Python Lead (Data Science Engineering)
- Full-time
Company Description
DemandMatrix is a technology company working in AI, machine learning, and big data space. We help B2B technology marketing, sales and product management teams bring relevance in their outreach. With a rapidly growing team of 120+ employees working from Pune, US and Australia we are looking for passionate individuals who wish to make a great career in the hi-tech industry.
Job Description
In this role you will oversee all Data Engineering, Data Science & Machine Learning across the company to drive product innovation and roadmap based on business priorities. Work with the Chief Data Scientist and VP of Engineering to turn the technology into a product, frequently releasing product iterations based on customer feedback.
This is a position that will allow you to be creative, and think outside of the box. You will be given access to very large data sets to play with! You must be intellectually curious, and enjoy looking at large data sets, to discover insights, and piece together stories.
The candidate will lead a team of enthusiastic data engineers and data QC team – he will overlook the deliveries, implementation of roadmaps and enforce strong standards along the way. The team would look for a guidance from the candidate for best practices, engineering benchmarks and work prioritization. This is a rare opportunity to build the next generation of marketing analytics platform. We believe in leading by example. This is a hands on opportunity to lead and build a great platform.

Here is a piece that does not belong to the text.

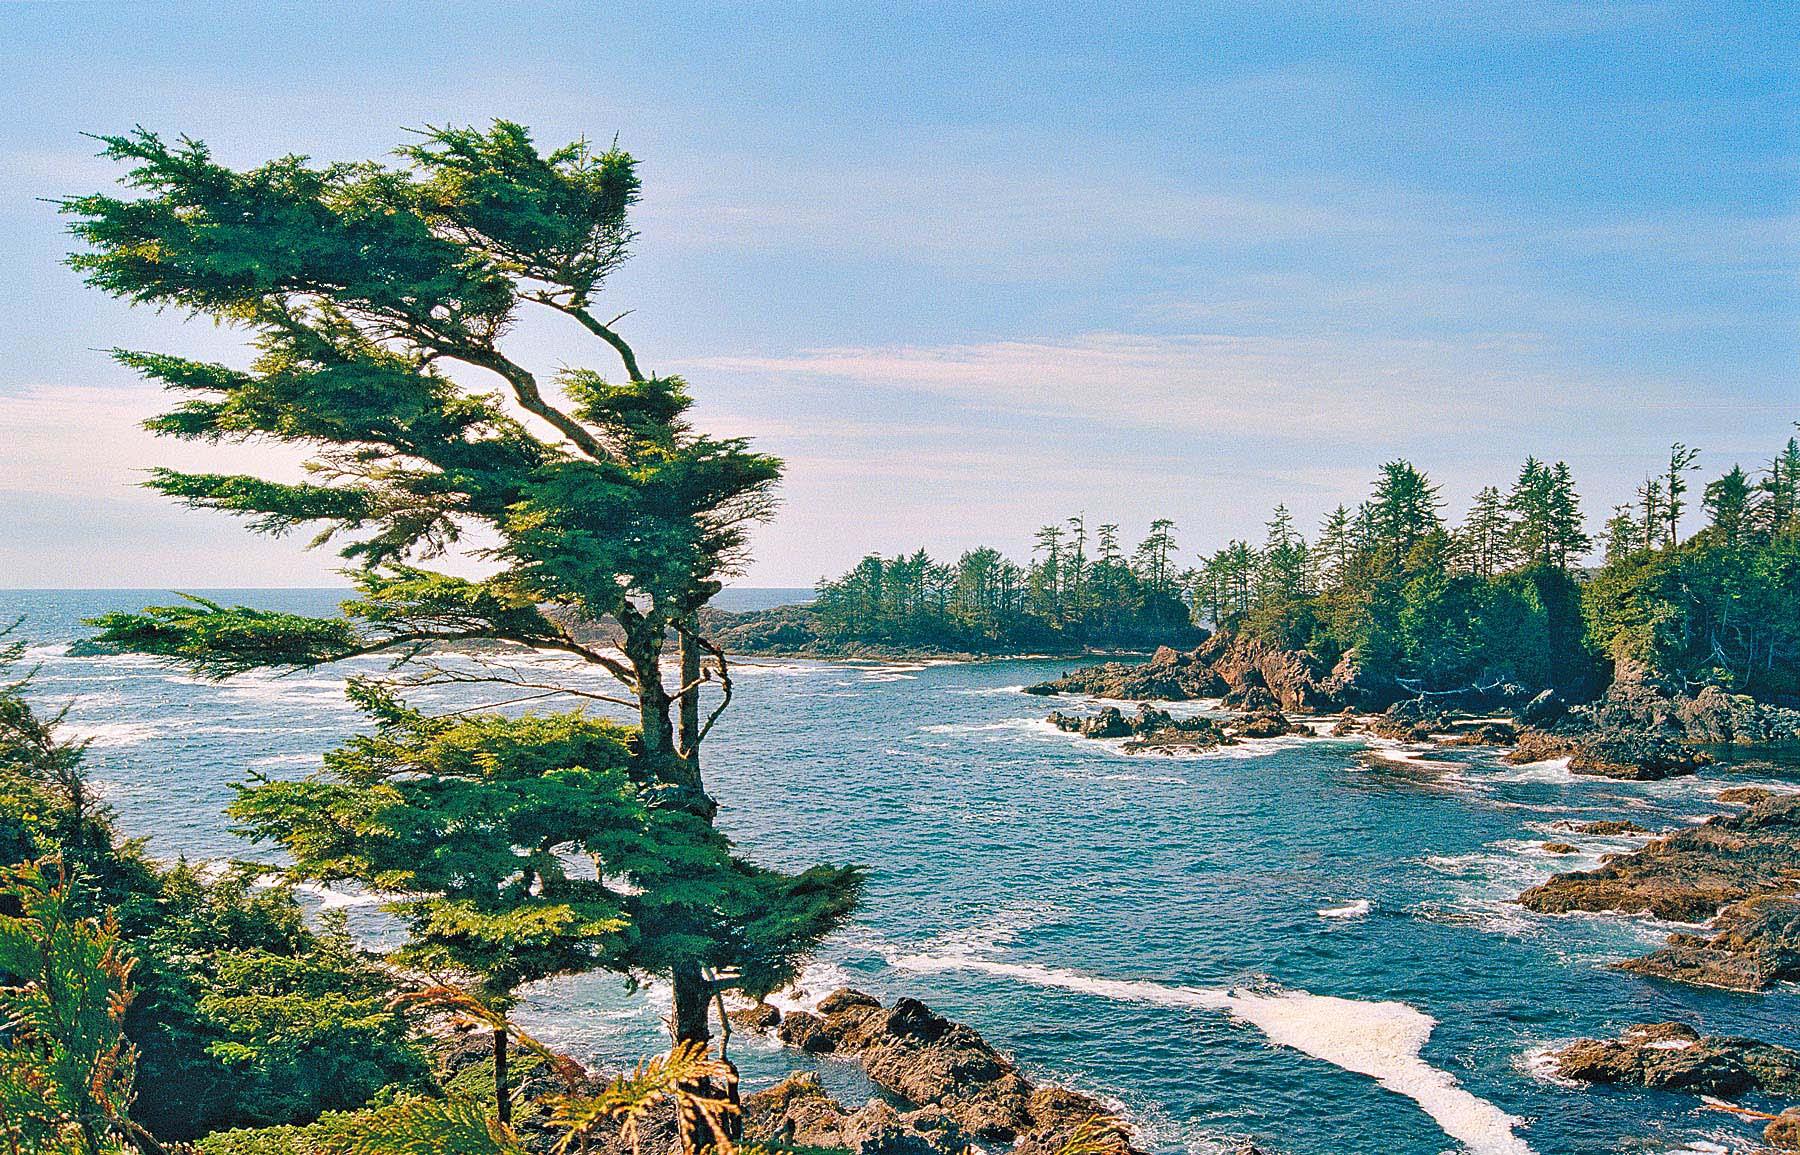 Wild Pacific Trail, Uclulet, British Columbia

Skills and responsibilities:
- We are looking for a strong tech lead with 5-8 years of hands on experience to guide our data engineering team.
- You must have deep understanding of Python as a data analysis programming language.
- Be fluent with usage of pandas, numpy, nltk, scikit. Understand the best practices of employing these libraries.
- Implementation of one data analysis project on Hadoop platform using pyspark.
- Design data processing and transformation pipelines on Linux.
- Should be aware about the integrations of Linux world, data world and Python.
- Database experience with SQL, No-SQL paradigms, distributed databases for scale.
- Architecting the most optimal data processing platforms on Azure, AWS or Google Cloud as required.
- Knowledge of Amazon Athena, Redshift, Elasticsearch and DynamoDB would be a plus.
- Must have a strong appreciation of data quality, data hygiene and the consequences of bad data on organizations performance.
- Aware of ML, AI and text processing algorithms.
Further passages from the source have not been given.